Gênero literário é o conjunto de normas de vocabulário e sintaxe que se usam
habitualmente para abordar algum assunto. Assim o assunto "leis" tem seu gênero
literário próprio (claro e conciso, para que ninguém se possa desculpar por não haver
entendido a lei); a poesia tem seu gênero literário antitético ao das leis (é metafórica,
reticente, subjetiva...); uma crônica tem seu gênero próprio, que é diferente do de uma
carta; uma carta comercial é diferente de uma carta de família, uma fábula é diferente
de uma peça histórica, etc.
Ora na Bíblia temos os gêneros literários dos antigos judeus e gregos; existe por
exemplo, a história no sentido estrito do termo (1° Macabeus), a história edificante ou
midraxe ou ainda hagadá (Tobias, Judite, Ester, Rute), a história em estilo popular
(como a de Sansão em Juízes, 13,1-16,31), a parábola (Mt 13,1-51; Lc 15,1-32), a
alegoria (Jo 15,1-6), a lei (Ex 20,1-17), a poesia (Isaías 5,1-7), o apocalipse (Mt 24,4-
44) ; merece especial atenção a história etiológica ou a história narrada em vista de
propor a causa (aitía, em grego) de um fato estranho (assim Gn 19,30-38 explica pelo
incesto das filhas de Lote a inimizade existente entre Israel e os povos de Amon e
Moab; tais povos seriam filhos do pecado)...

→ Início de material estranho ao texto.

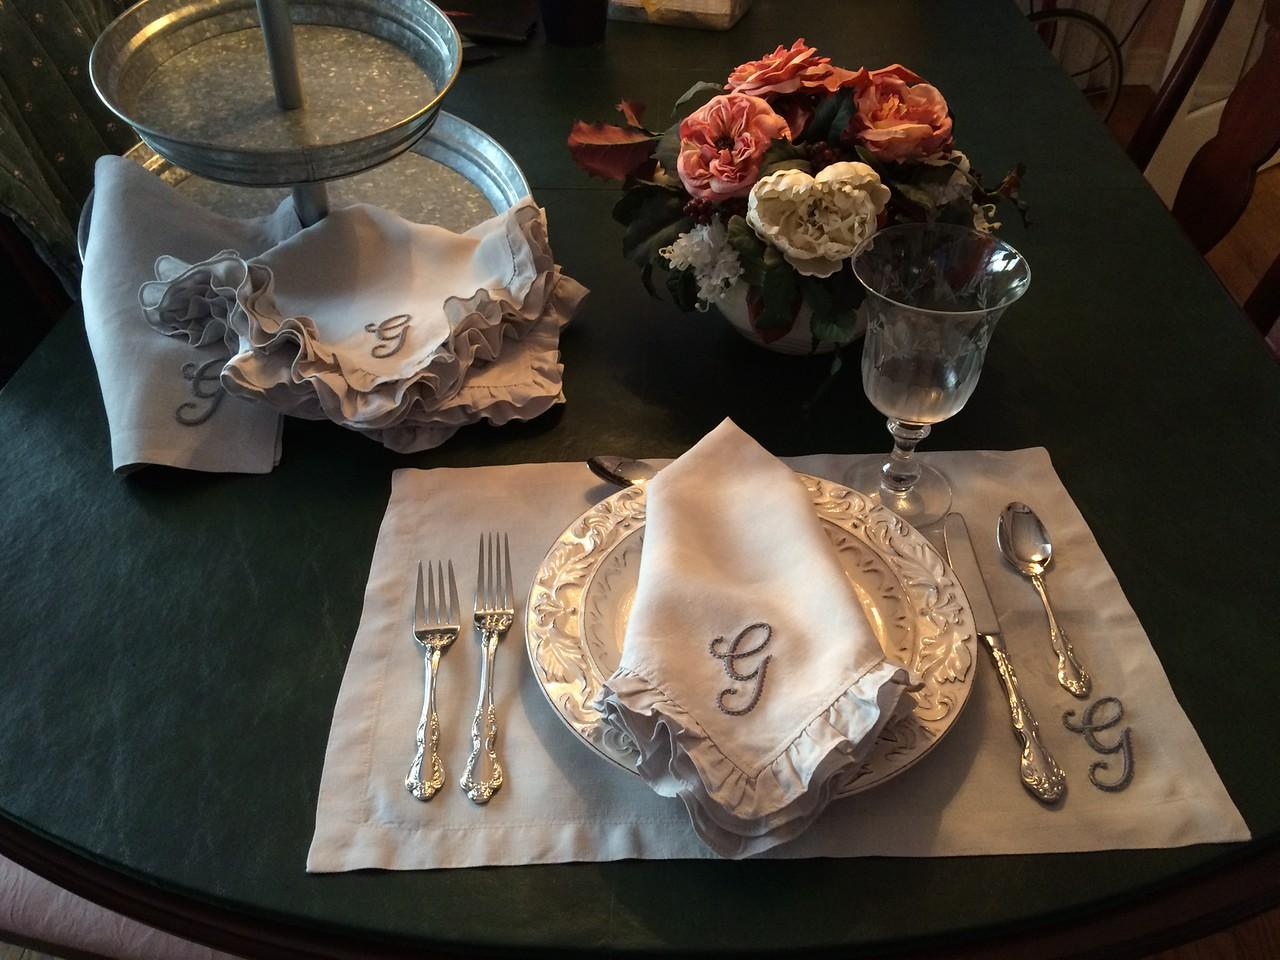 Ruffled linen napkins & placemats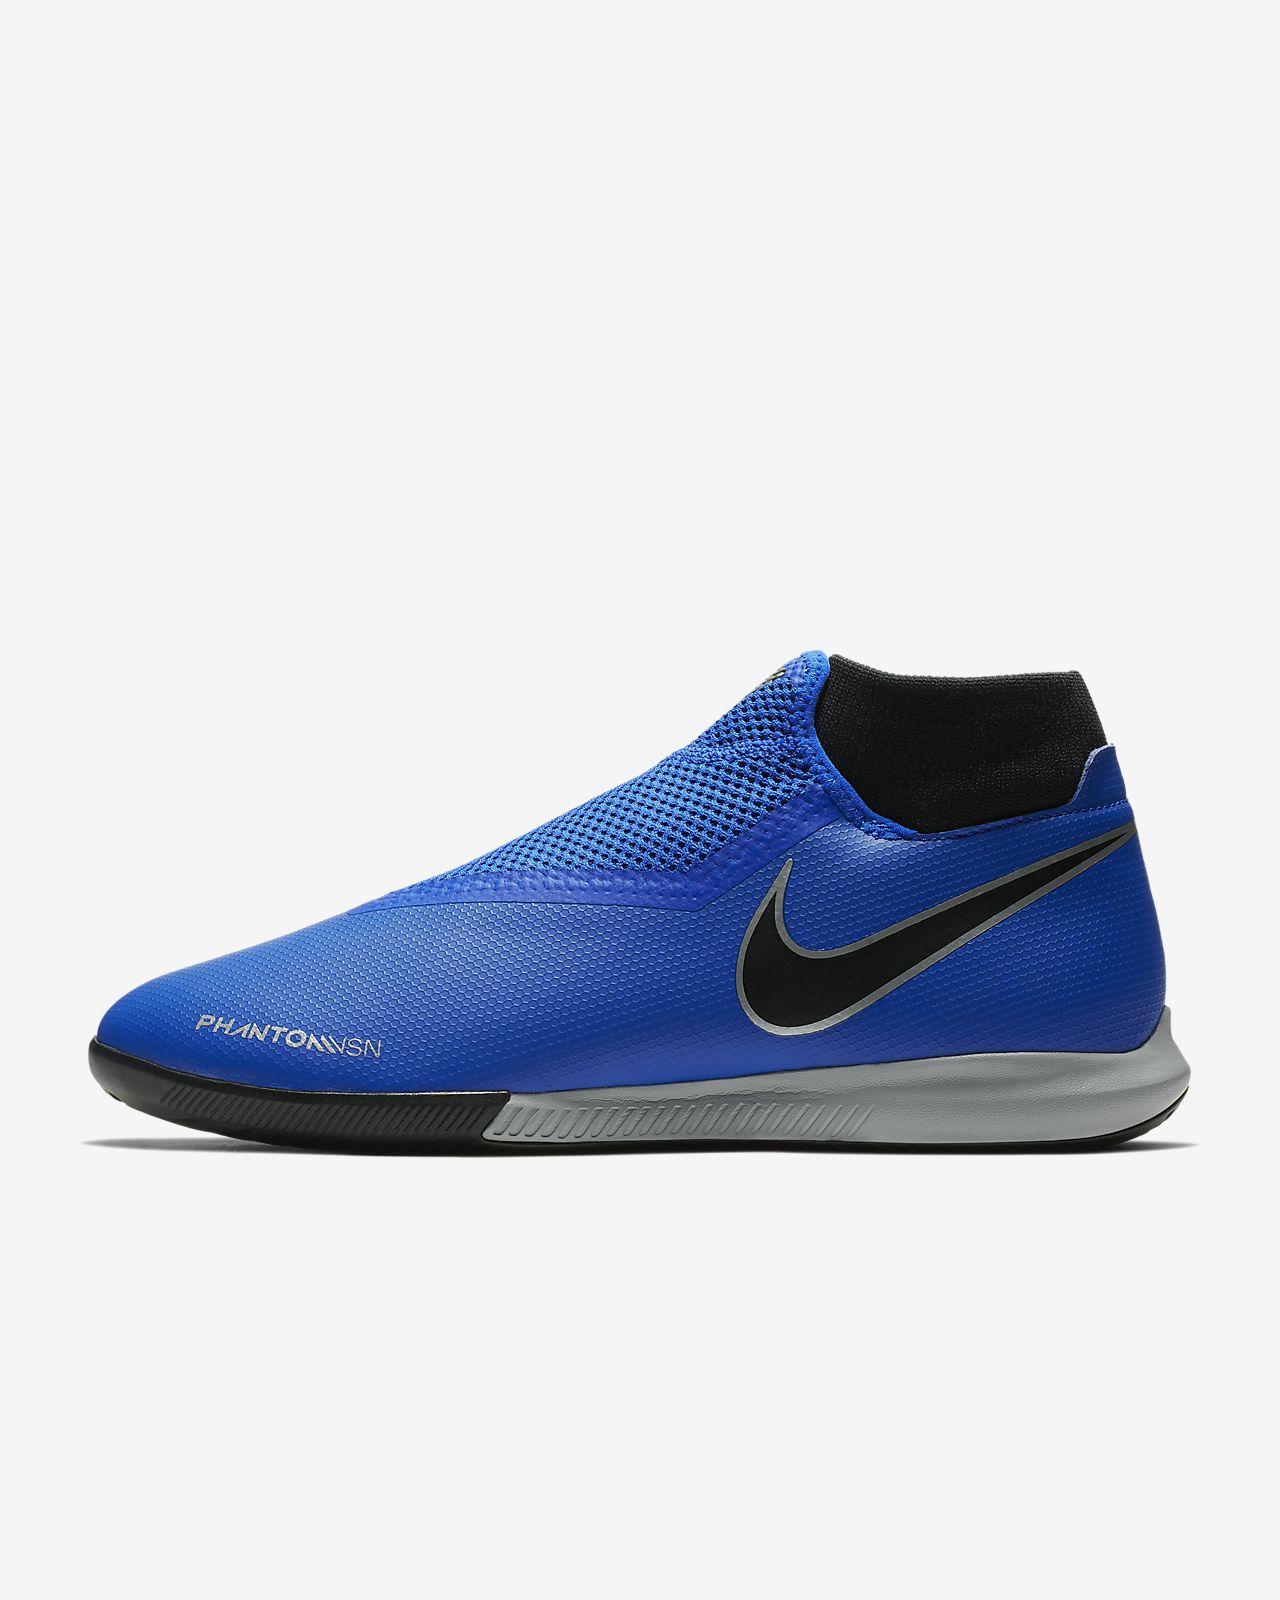 buy popular 7dc70 6ea6c ... Nike Phantom Vision Academy Dynamic Fit Botas de fútbol sala

2.2. Gêneros literários: interpretação1
Se cada gênero literário supõe regras próprias de vocabulário e redação, compreende-
se que cada qual tem também suas regras de interpretação próprias. Não me é licito
entender uma poesia (cheia de imagens) como entendo uma lei (que deve ser clara e
sem imagens). Uma das principais causas de erros na interpretação da Bíblia está em
que muitas pessoas querem tomar tudo ao pé da letra ou tomar tudo em sentido
figurado.
*** Comentar sobre o método usado pela RCC: Josué, 1: 5 – 9; Deuteronômios, 21: 18
– 21;
Antes da interpretação ou da utilização de algum livro sagrado, devo certificar-me do
respectivo gênero literário: estou diante de uma poesia?... diante de uma crônica?
Crônica de guerra? Crônica de família? Crônica de corte real? Por exemplo: Gn 1,1
-2,4ª, é poesia ou hino litúrgico, e não um relato científico. Estou obrigado a não tomar
essa seção ao pé da letra para não trair o autor ou não lhe atribuir o que ele não queria
dizer. Mas a narração da última Ceia em Mt 26,17-29 é relato histórico, que tenho de
entender ao pé da letra para não trair o autor.
Não é licito, de antemão ou antes da abordagem criteriosa do texto, "definir" o
respectivo gênero literário, como quem diz: "Eu acho que isto é poesia", ou "Para mim,
isto é uma tradição folclórica". Mas é preciso que o leitor se informe objetivamente a
respeito do gênero literário do livro que está para ler, a fim de entender o livro segundo
os critérios de redação adotados pelo autor. Tal informação pode ser colhida nas
Introduções que as edições da Bíblia apresentam antes de cada livro sagrado. Não é
necessário que todo leitor da Escritura conheça as línguas originais e sua variedade de
expressionismos, mas basta que leia a Escritura com alguma iniciação, que pode ser
facilmente encontrada. Todos compreenderão que não se pode ler a Bíblia escrita do
século XIII antes de Cristo até o século I depois de Cristo como se leria um jornal de
hoje.
1 - Interpretação = explicação, comentário.